Portugal to cut more spending in 2014

Portugal to cut more spending in 2014

The Portuguese government will impose more austerity measures in the next year in an effort to lead the country out of its bailout program.

On Tuesday, the government presented its 2014 budget draft, which includes 3.18 billion euros in spending cuts as part of a total budget consolidation effort of 3.9 billion euros.

Portuguese Finance Minister Maria Luis Albuquerque told a press conference following a meeting at the parliament: “The budget’s proposals are difficult, but decisive for our future”, adding, “It represents the government’s determination to accomplish the adjustment program in June and start a cycle of lasting consolidation and economic growth.”

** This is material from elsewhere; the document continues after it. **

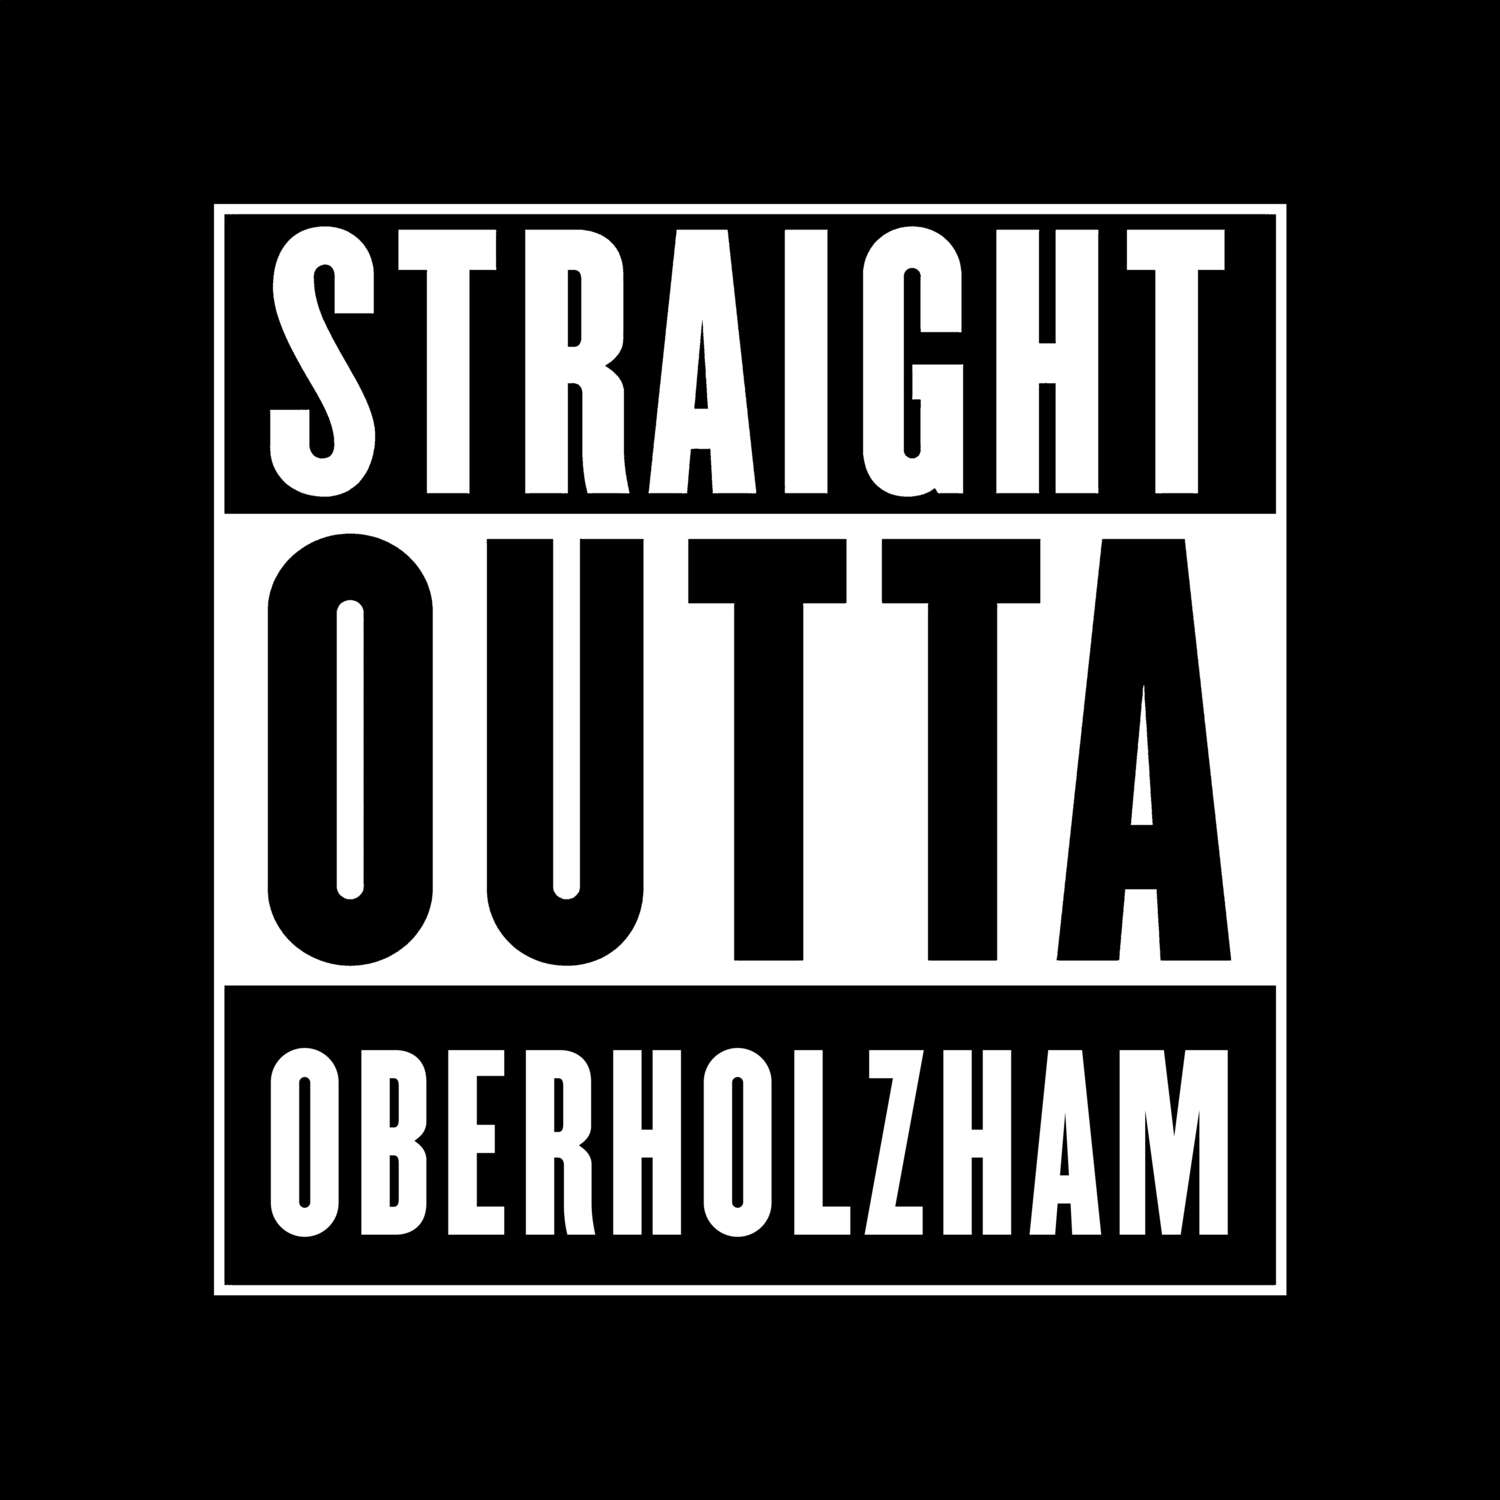 Oberholzham T-Shirt »Straight Outta«

The country will have to return to financing itself normally in bond markets in mid-2014 when the bailout is scheduled to end formally.
Battered by global financial downturn, the Portuguese economy fell into a recession, which compelled the country to take a 78-billion-euro (106-billion-dollar) bailout loan from the European Union and the International Monetary Fund (IMF) in 2011.
Since then, thousands of people have been staging protests across the country against the harsh austerity measures imposed as a result of the bailout.
The 2014 budget bill includes wage cuts for workers of the public sector ranging from 2.5 percent to 12 percent on monthly salaries of over 600 euros.